#### TASK REQUIREMENTS
Lines before the one containing "red hot sari for bride and bridesmaid" are not copied; that line and every one after it, through the end of the material below, are printed exactly, without pictures.

━━━━━ DATA SEGMENT ━━━━━

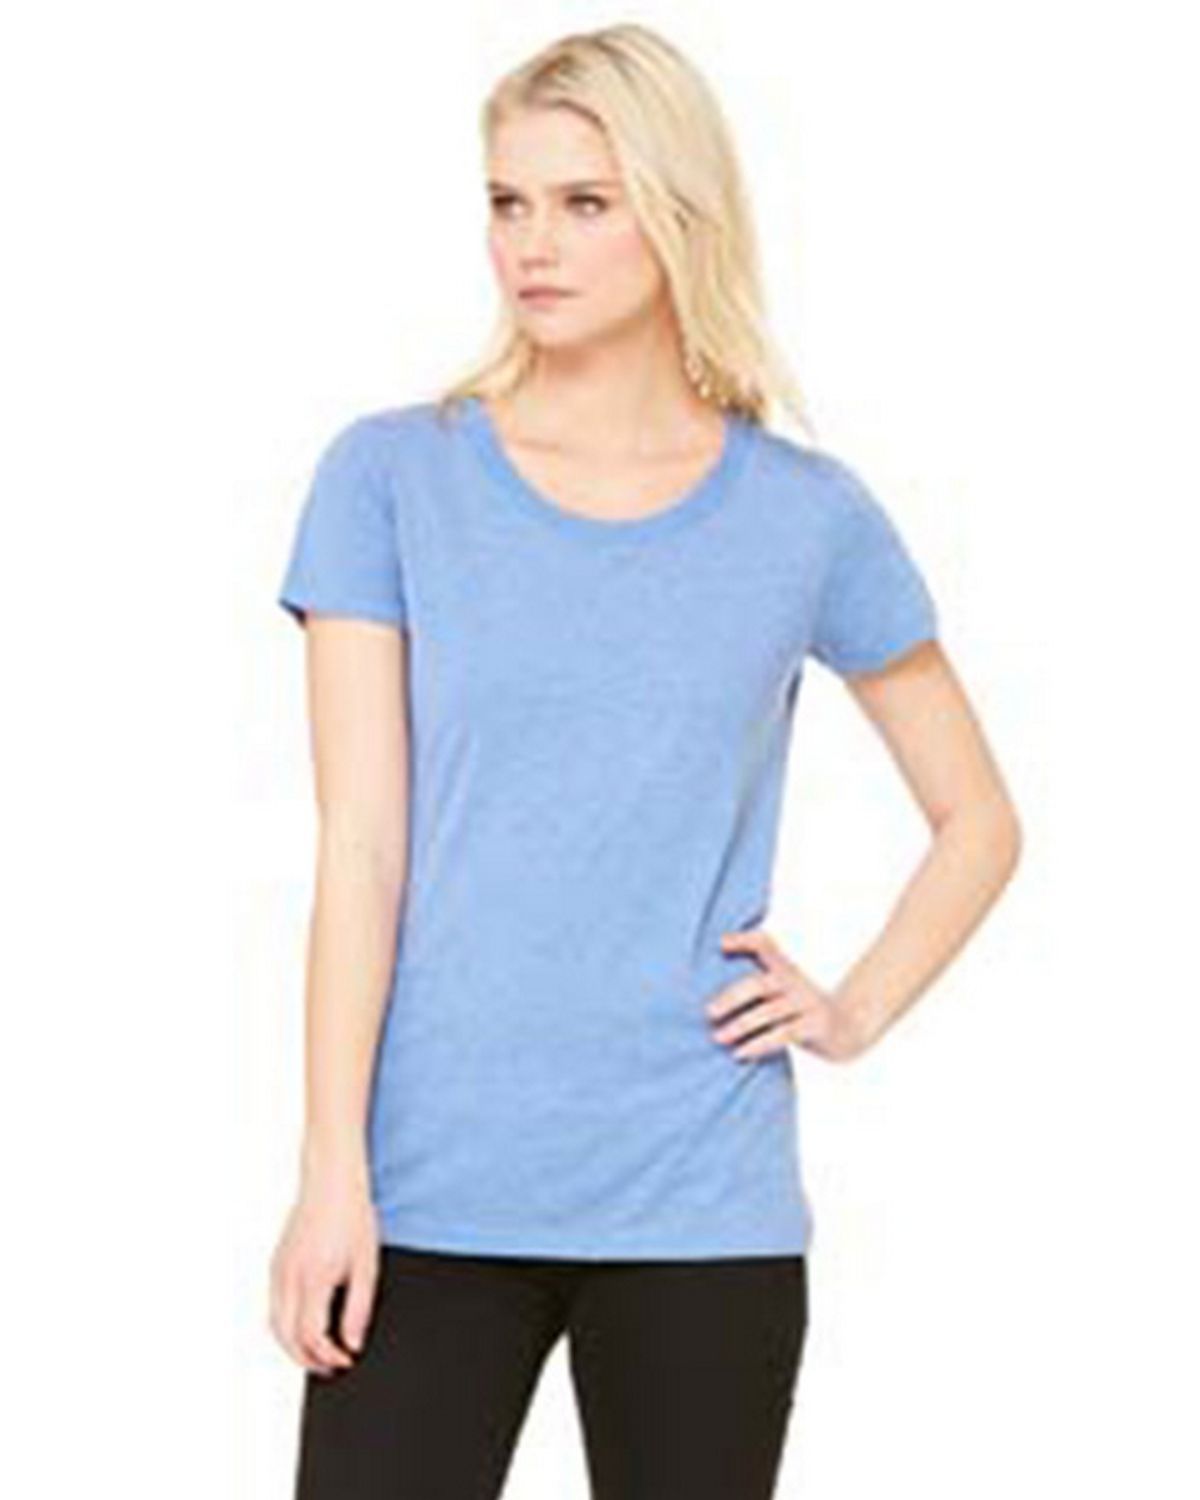 Blue Glitter St. Louis Blues Bella Canvas T-shirt in Black or White B8413  Design 27
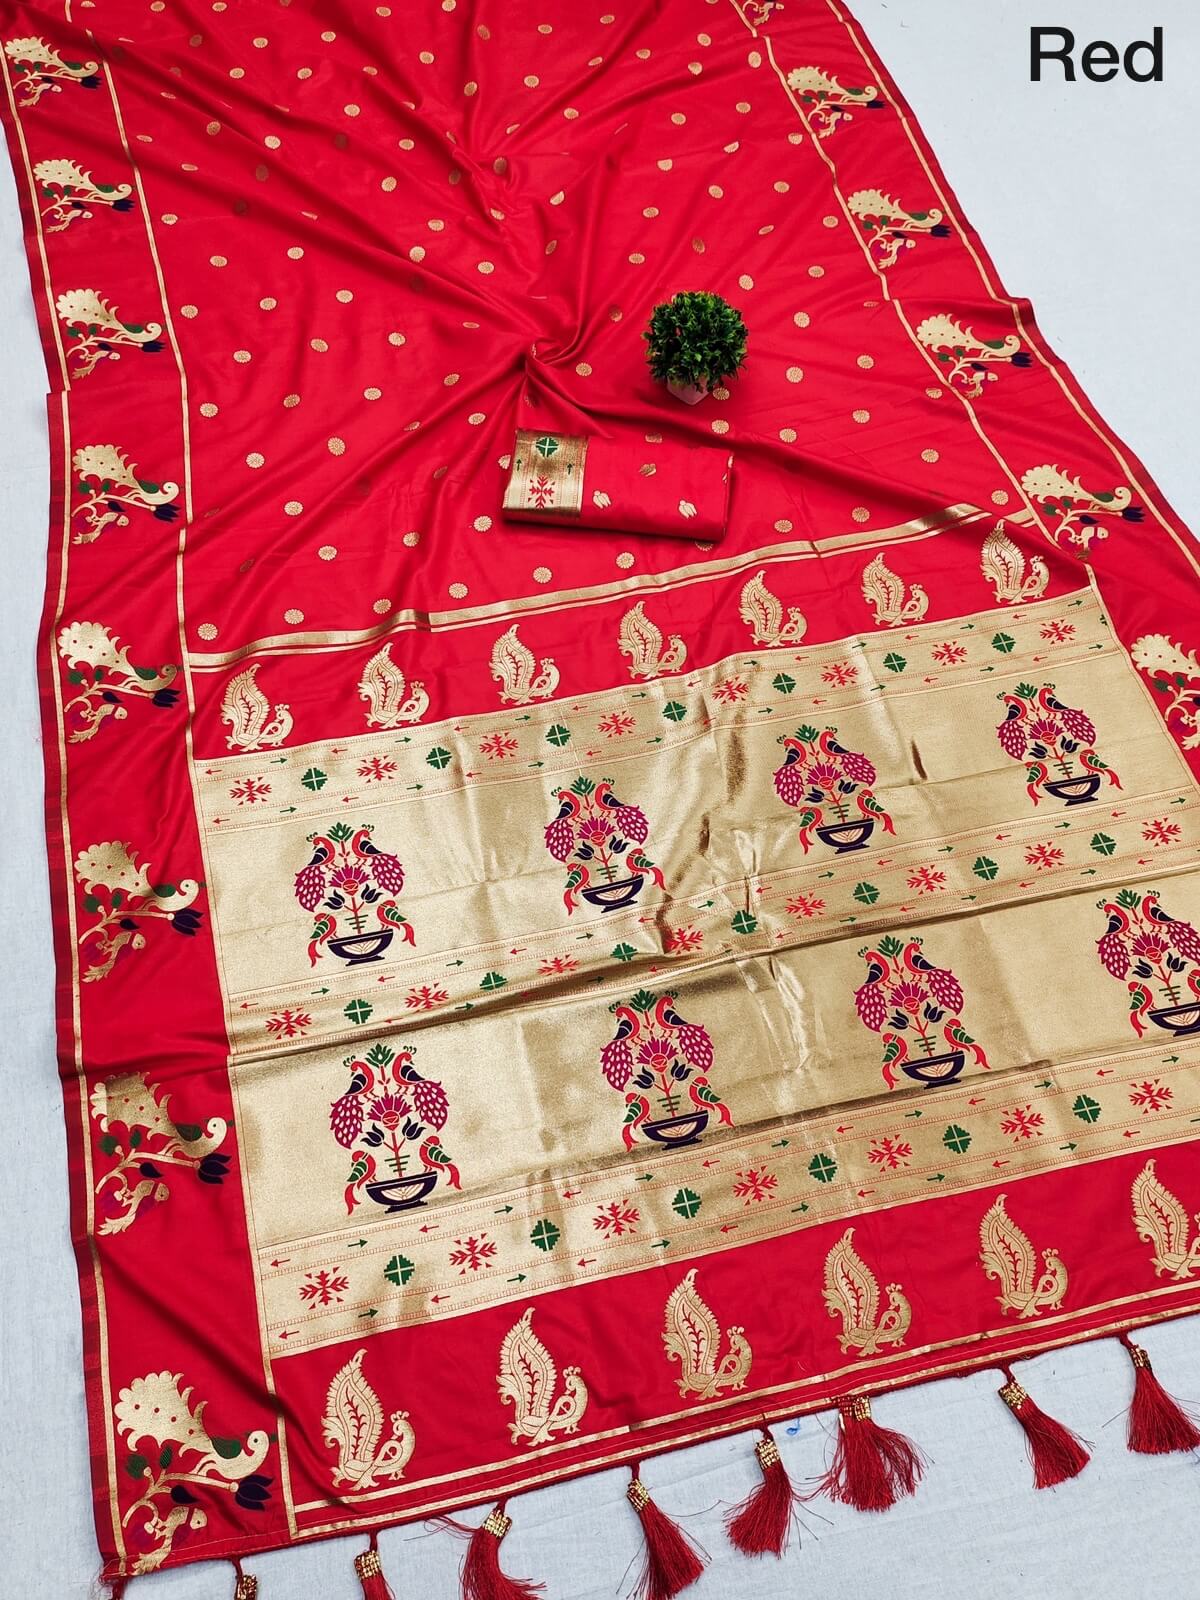 red hot sari for bride and bridesmaid
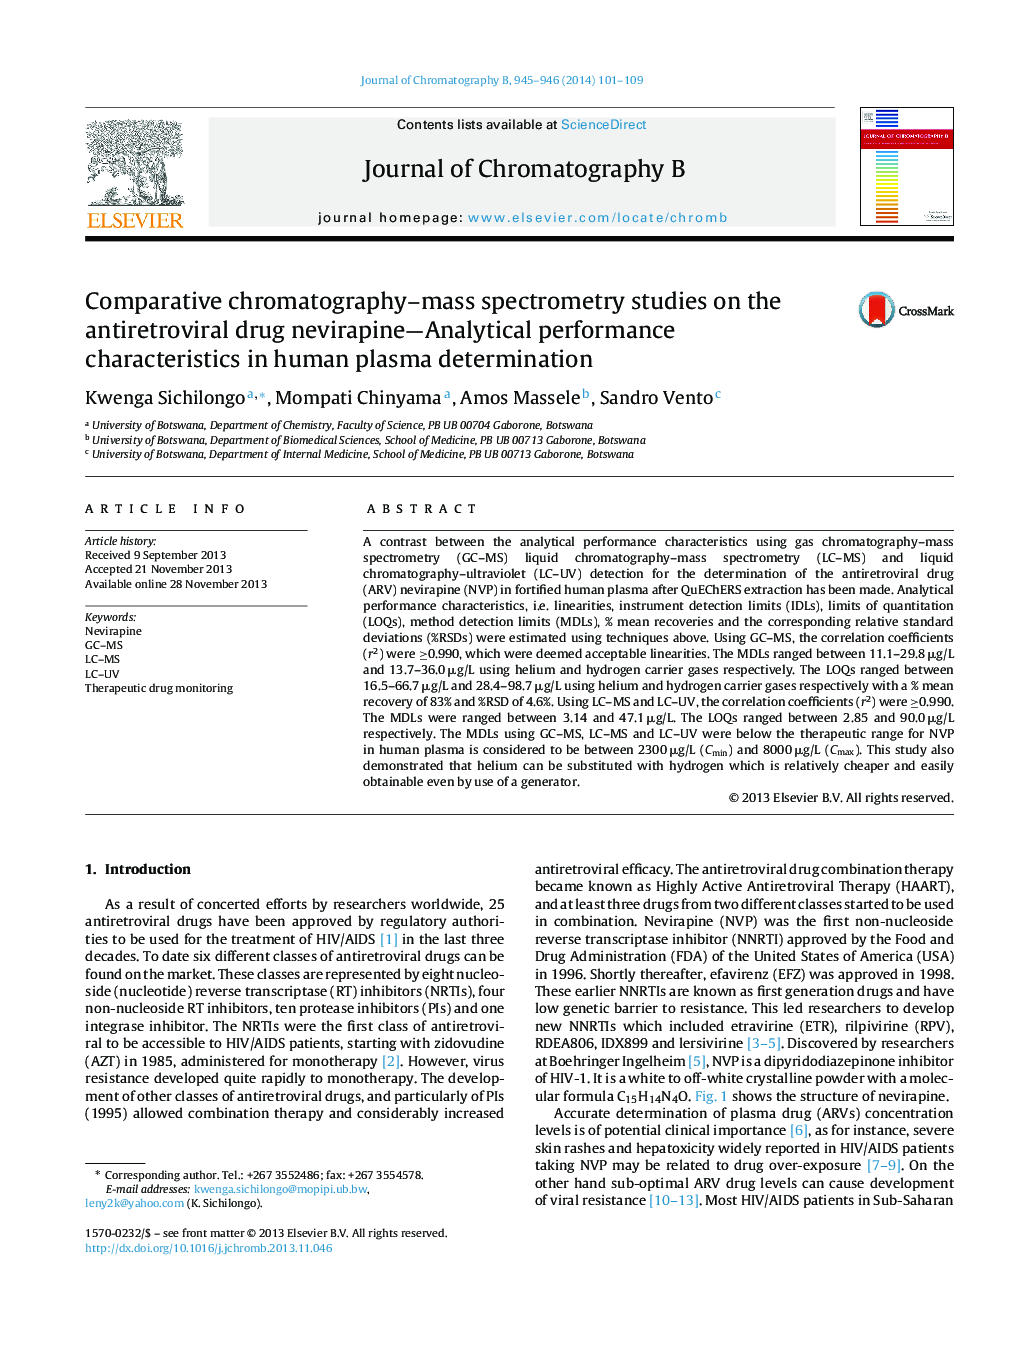 Comparative chromatography–mass spectrometry studies on the antiretroviral drug nevirapine—Analytical performance characteristics in human plasma determination

━━━━━

#### RESPONSE TO THIS TASK
 red hot sari for bride and bridesmaid
 Comparative chromatography–mass spectrometry studies on the antiretroviral drug nevirapine—Analytical performance characteristics in human plasma determination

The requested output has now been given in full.